Para ilustrar, aqui estão os comentários de mães de crianças indígenas de 6 a 8 anos de Guadalajara, no México, que descrevem as atividades de seus filhos: «Tem dia que ela chega em casa e diz: 'Mãe, vou te ajudar a fazer tudo .' E limpa voluntariamente a casa inteira. Ou assim: “Mãe, você chegou em casa muito cansada, vamos limpar juntos. Ele liga o rádio e diz: «Você faz uma coisa e eu faço outra». Eu varro a cozinha e ela limpa o quarto.”

“Em casa todos sabem o que precisam fazer e, sem esperar meus lembretes, a filha me diz: “Mãe, acabei de voltar da escola, quero ir visitar minha avó, mas antes de sair vou terminar meu trabalho" . Ela termina e depois vai embora.» Em geral, as mães das comunidades indígenas descreveram os seus filhos como parceiros capazes, independentes e empreendedores. Os filhos, em sua maioria, planejavam sozinhos o dia, decidindo quando iriam trabalhar, brincar, fazer a lição de casa, visitar parentes e amigos.

Estes estudos mostram que as crianças que são livres de escolher atividades e são menos «governadas» pelos pais são as que mais contribuem para o bem-estar familiar.

Dicas para os pais

Você quer que seu filho se torne um membro responsável da família assim como você? Então você deve fazer o seguinte:

  • Aceite que as tarefas familiares do dia a dia não são apenas de sua responsabilidade e você não é o único responsável por realizá-las. E isso significa que você deve abrir mão parcialmente do controle sobre o que e como é feito em casa.
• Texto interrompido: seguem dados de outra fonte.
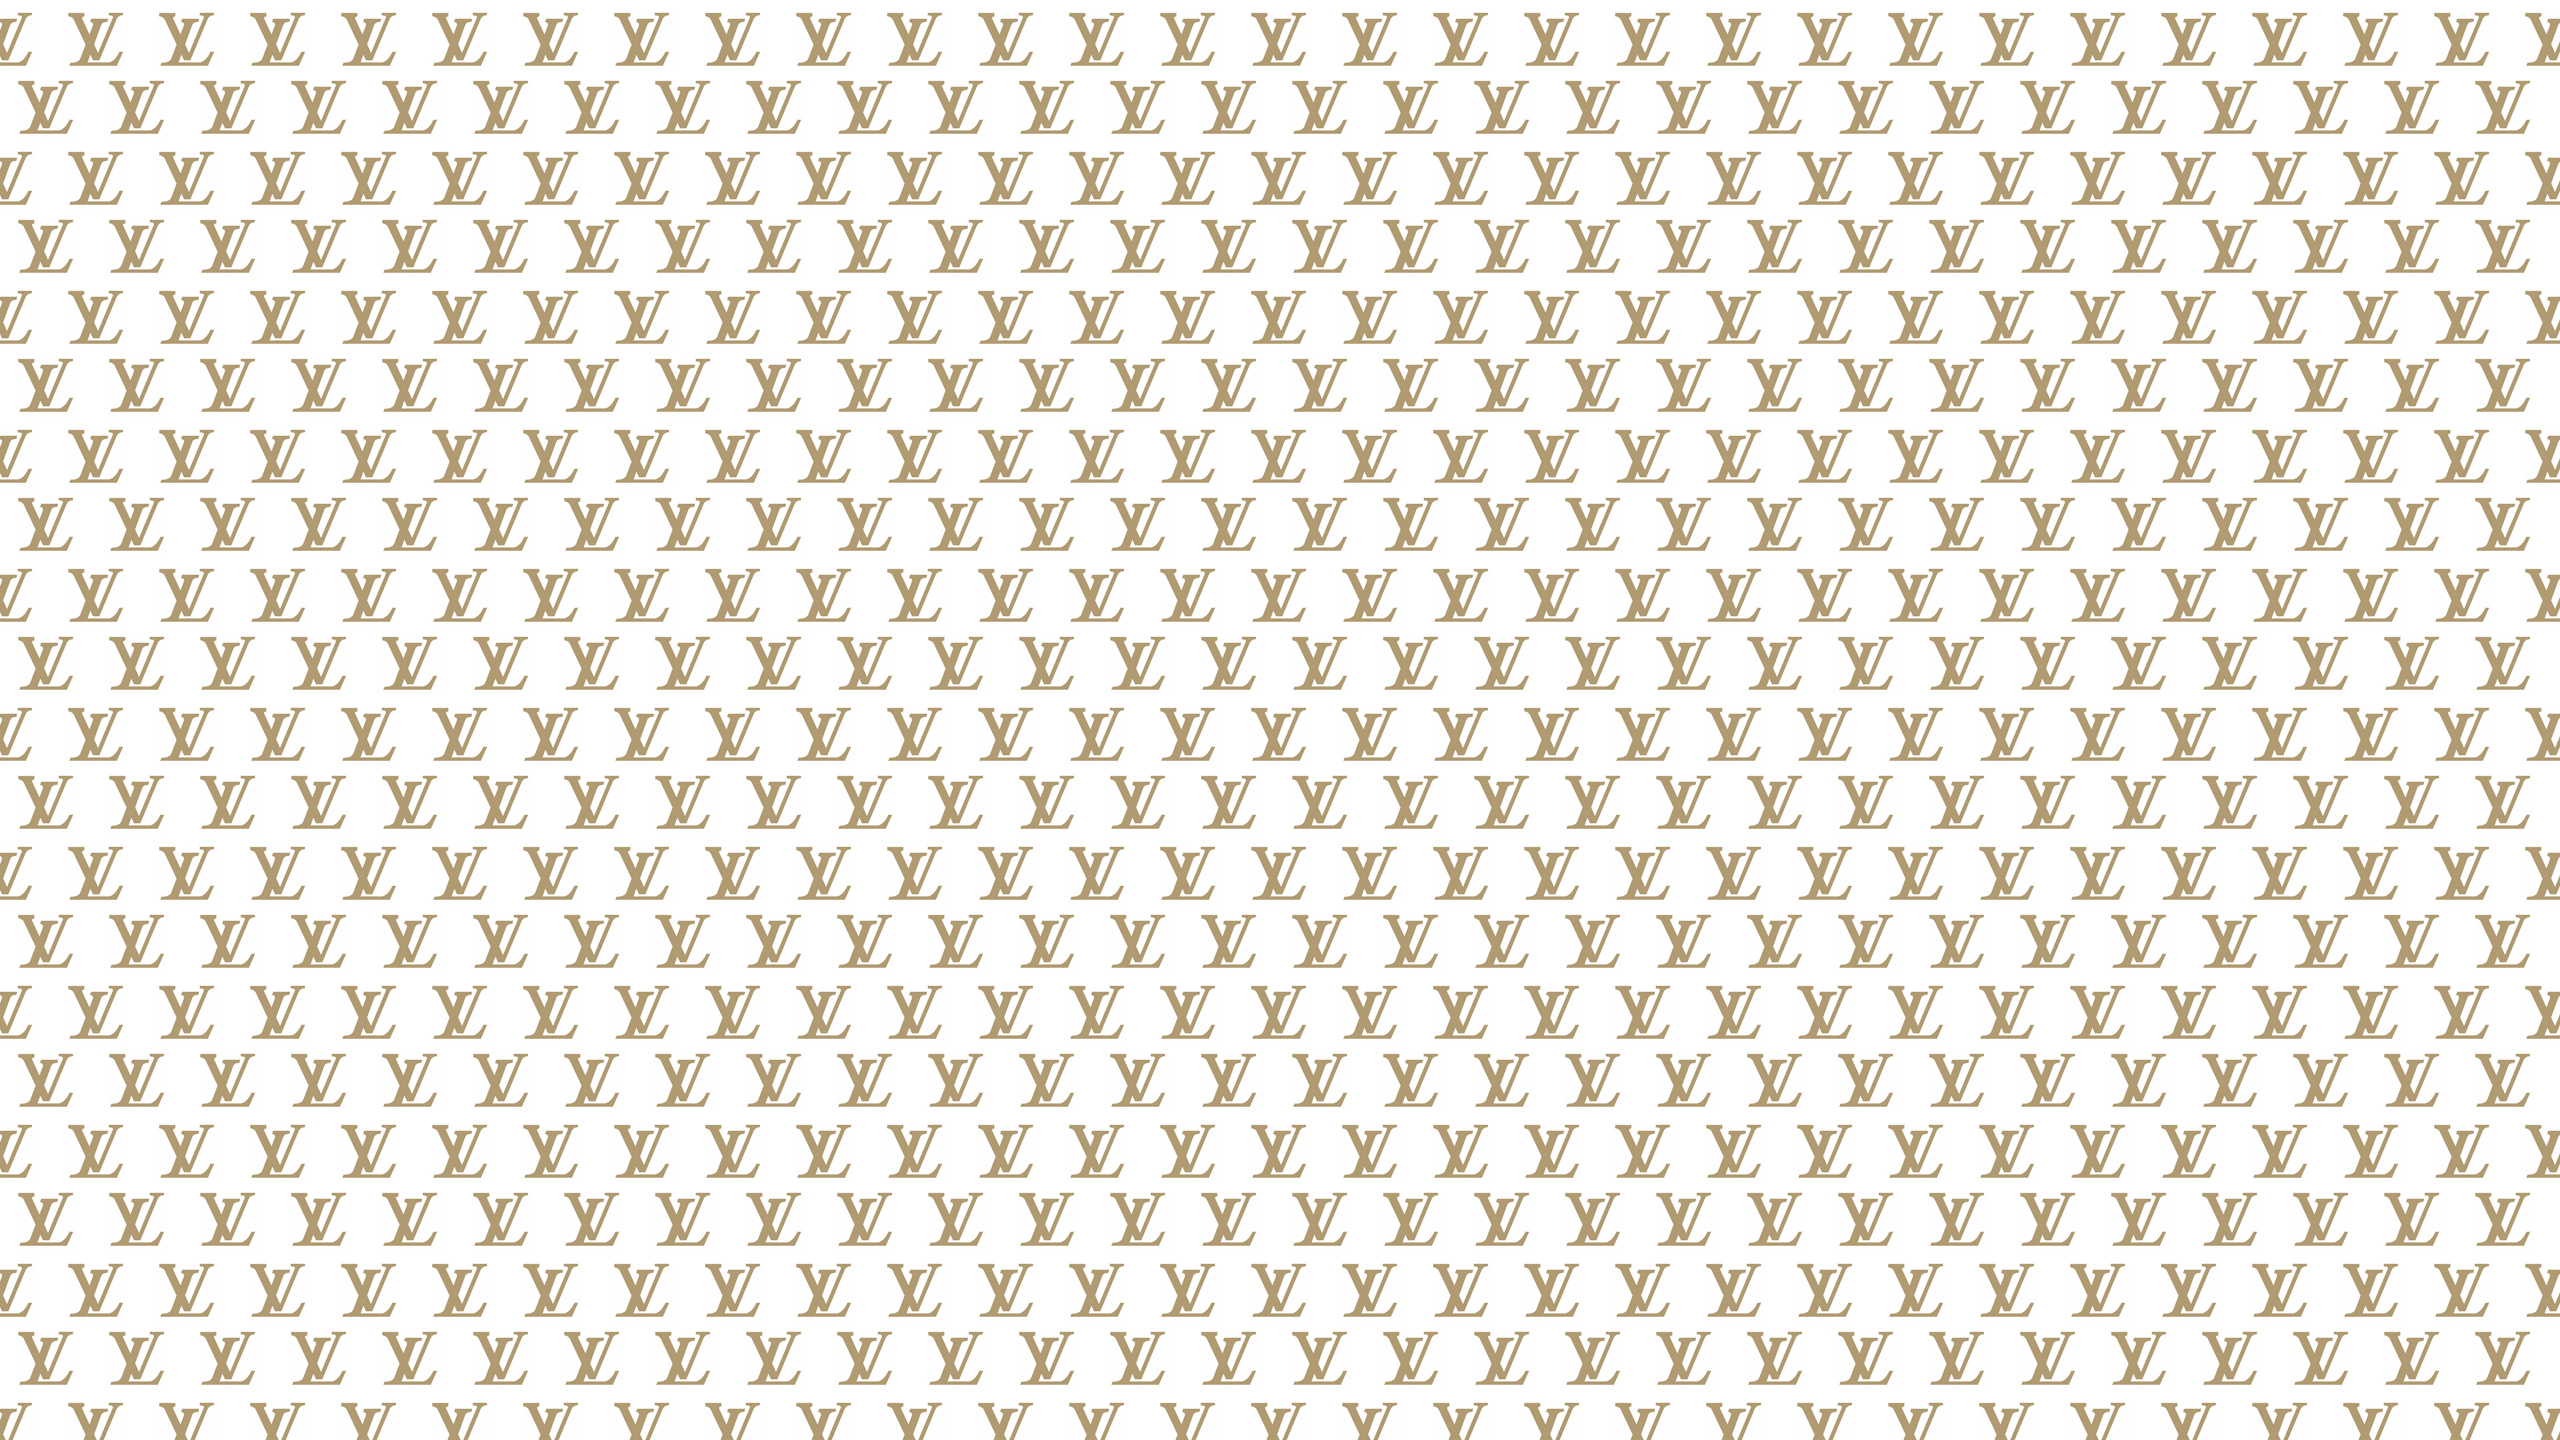 Louis Vuitton Wallpaper. Gold Louis Vuitton Desktop Wallpaper is

Se quiser que tudo fique exatamente como você deseja, você terá que fazer você mesmo ou contratar alguém.
  • Suponha que os esforços de seu filho para ajudar são sinceros e, se você dedicar um tempo para fazê-lo tomar a iniciativa, seu filho acabará ganhando experiência.
  • Não exija ajuda, não barganhe, não estimule com presentes, não controle, pois isso prejudica a motivação intrínseca da criança para ajudar. O seu sorriso satisfeito e agradecido e um sincero “obrigado” é tudo o que é necessário. Isso é o que a criança quer, assim como você quer dela. De certa forma, é assim que ele fortalece o vínculo com você.
  • Perceba que este é um caminho de desenvolvimento muito auspicioso. Ao ajudá-lo, a criança adquire habilidades valiosas e um senso de respeito próprio à medida que sua autoridade se expande, e um sentimento de pertencimento à sua família, para cujo bem-estar ela também é capaz de contribuir. Ao permitir que ele o ajude, você não suprime seu altruísmo inato, mas o alimenta.